Repeat the data exactly, please; no pictures belong in the copy.

### Dataset excerpt
────────────────────

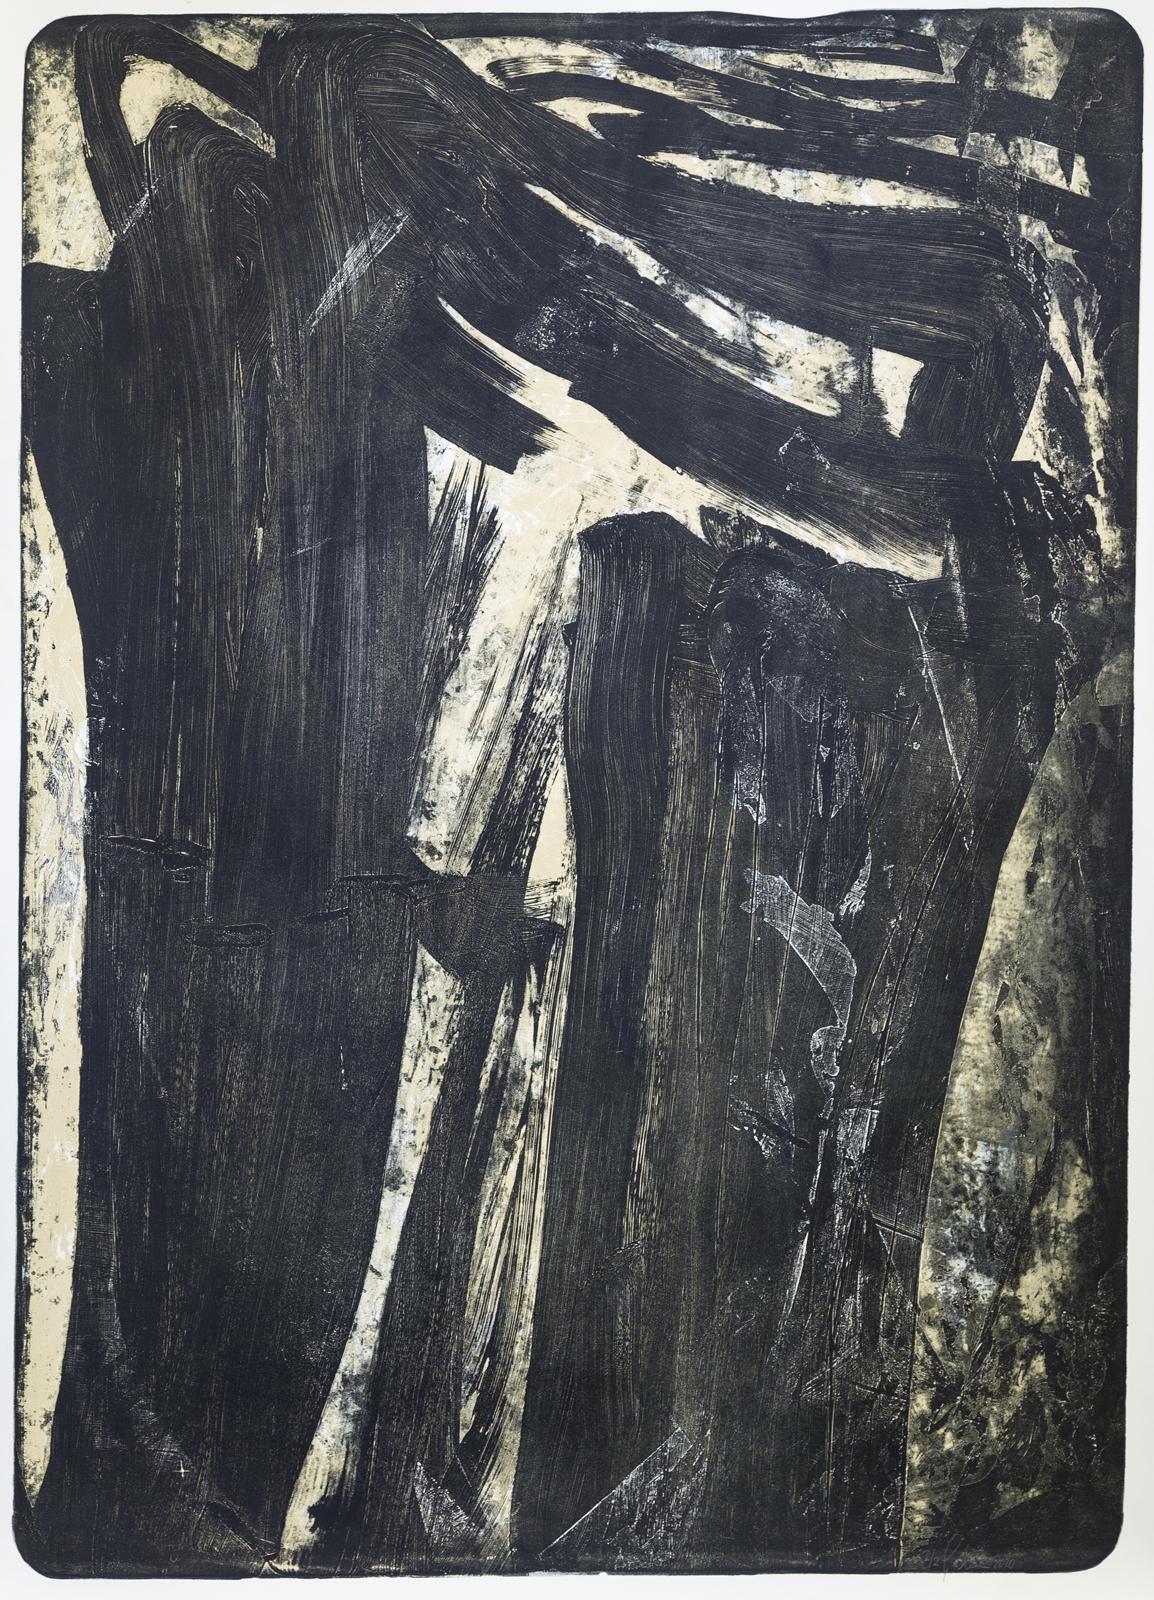 Palimpsest 2, 2020, Lithographie, 2/2, 181x131cm
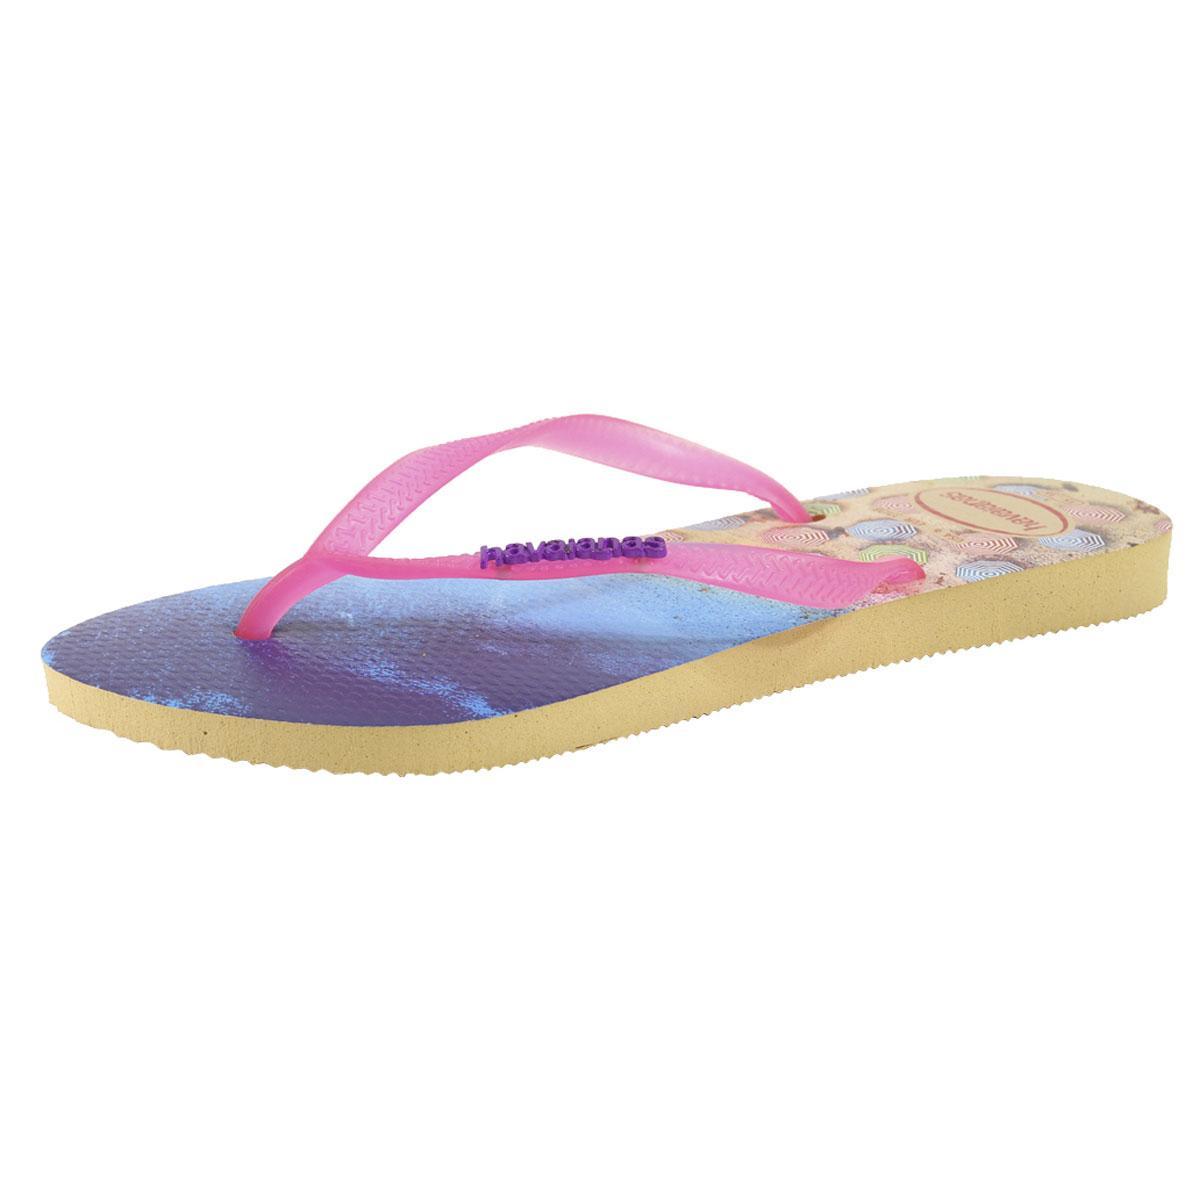 Image of Havainas Women's Slim Paisage Flip Flops Sandals Shoes - Ivory - 7 8 B(M) US
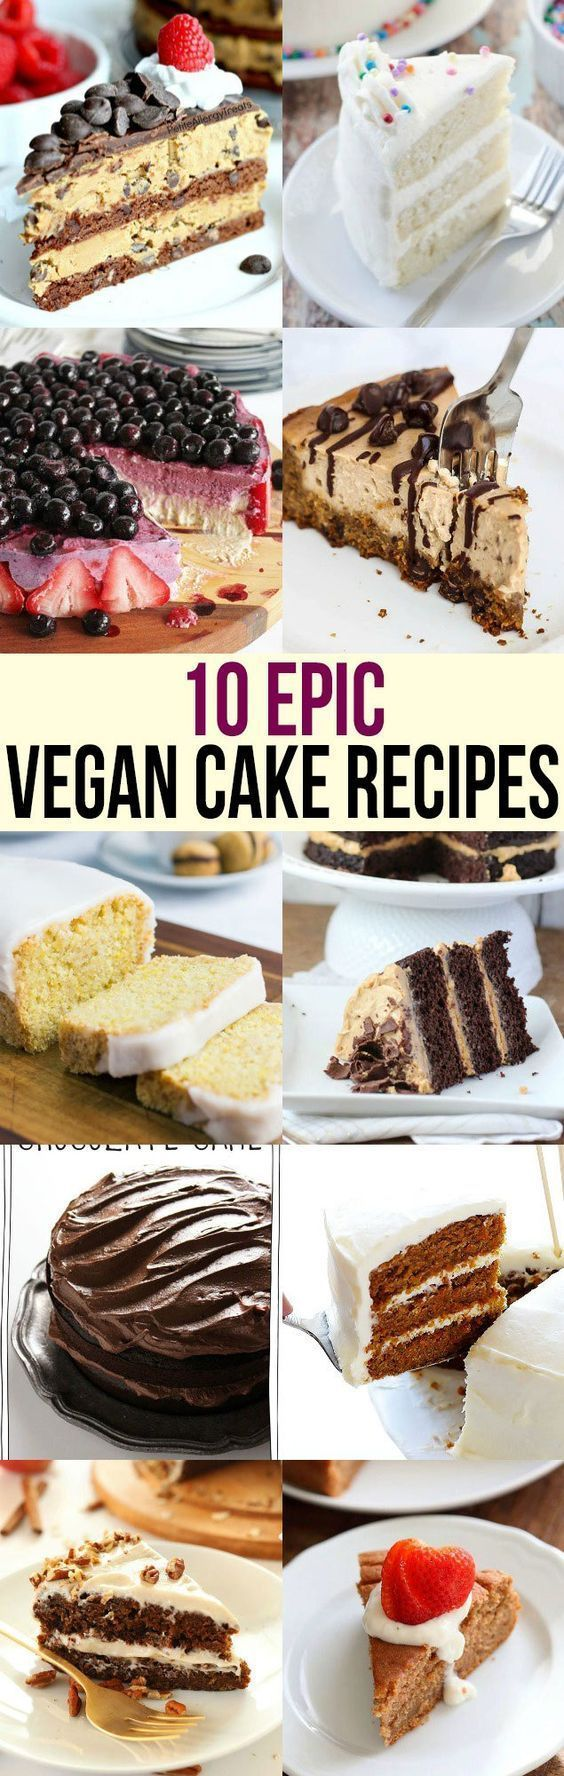 Chocolate, cheesecake, strawberry & much more! vegan Entdeckt von www.vegaliferocks.de✨ I Fleischlos glücklich, fit & Gesund✨ I Follow me for more inspiration @vegaliferocks
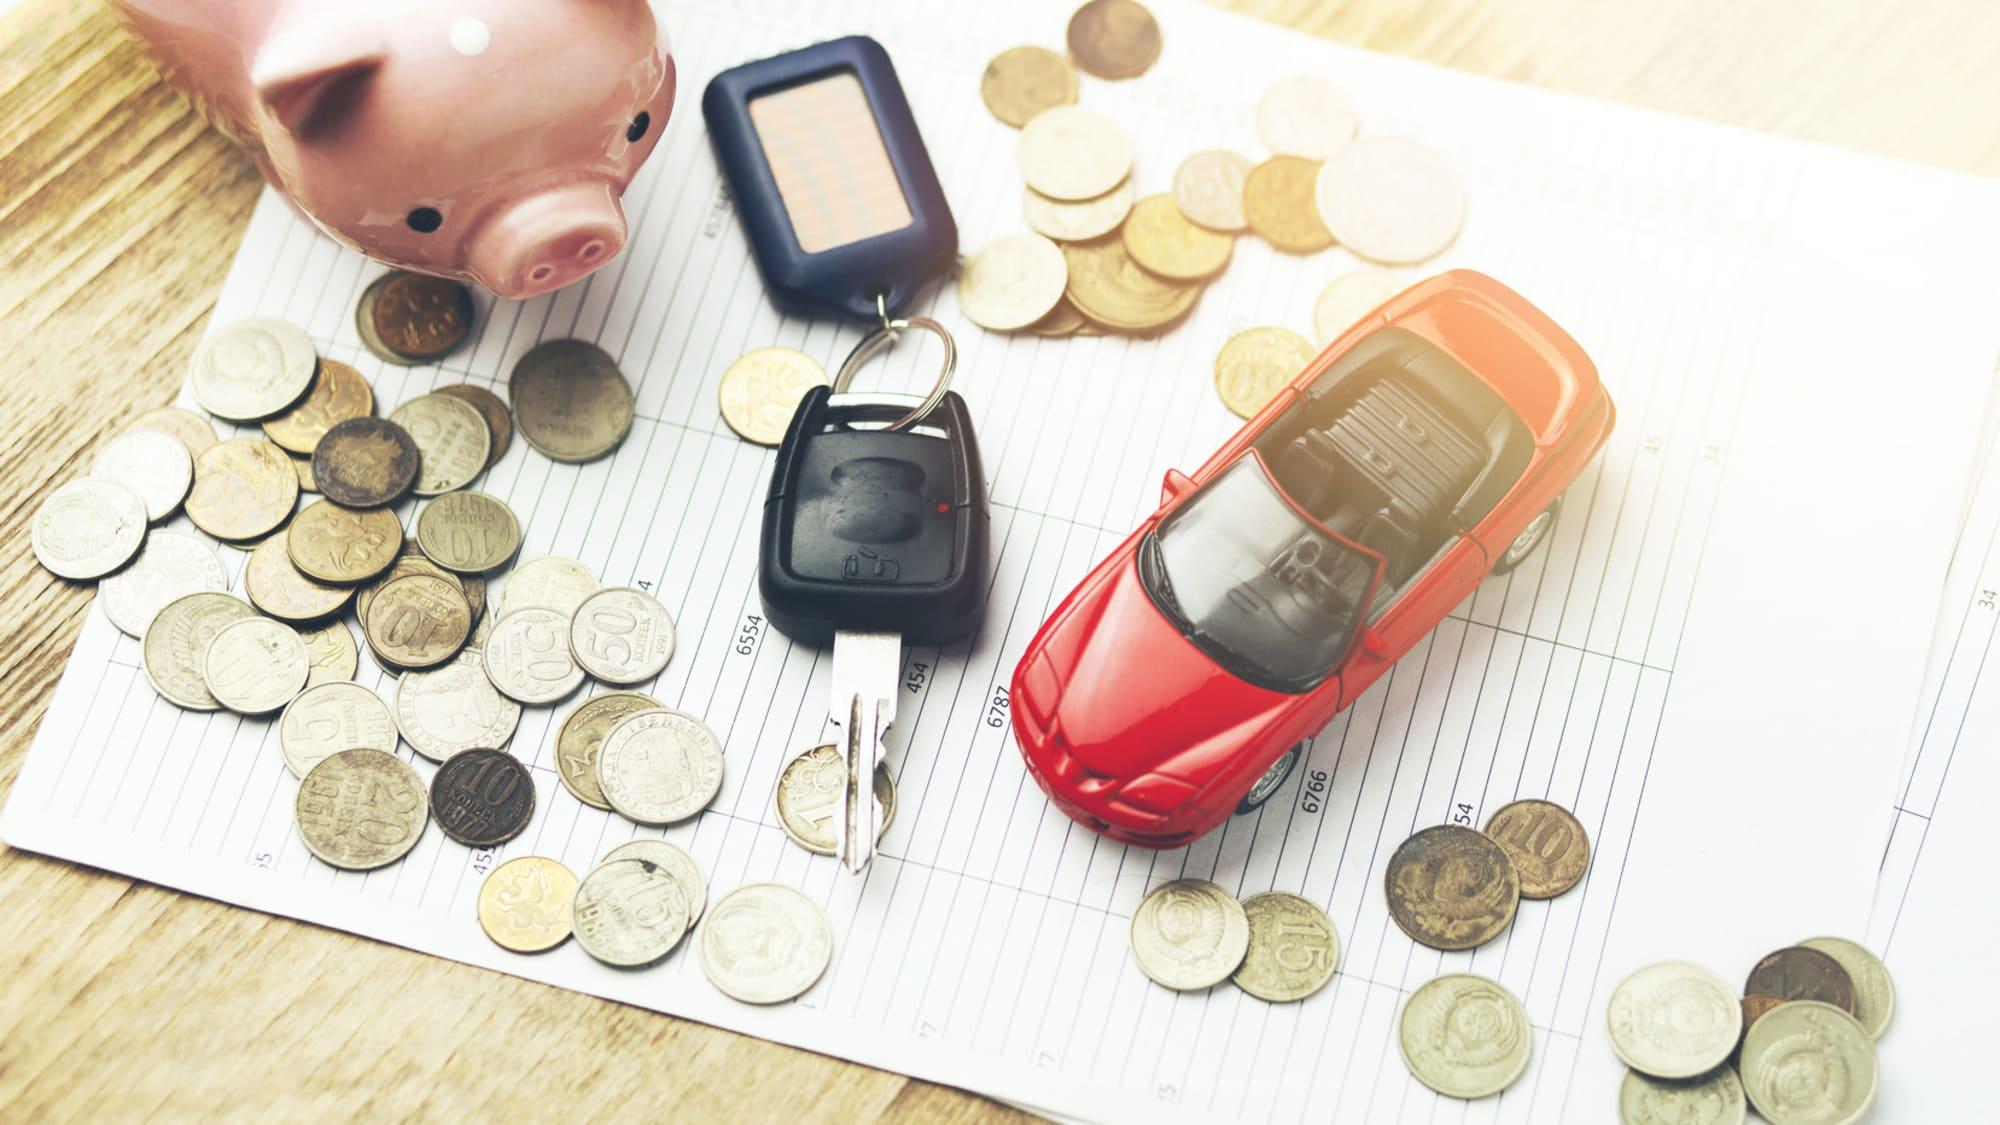 Münzen, Autoschlüssel, Sparschwein und Spielzeugauto auf einem Tisch

────────────────────

### Exercise result
 Palimpsest 2, 2020, Lithographie, 2/2, 181x131cm
 Image of Havainas Women's Slim Paisage Flip Flops Sandals Shoes - Ivory - 7 8 B(M) US
 Chocolate, cheesecake, strawberry & much more! vegan Entdeckt von www.vegaliferocks.de✨ I Fleischlos glücklich, fit & Gesund✨ I Follow me for more inspiration @vegaliferocks
 Münzen, Autoschlüssel, Sparschwein und Spielzeugauto auf einem Tisch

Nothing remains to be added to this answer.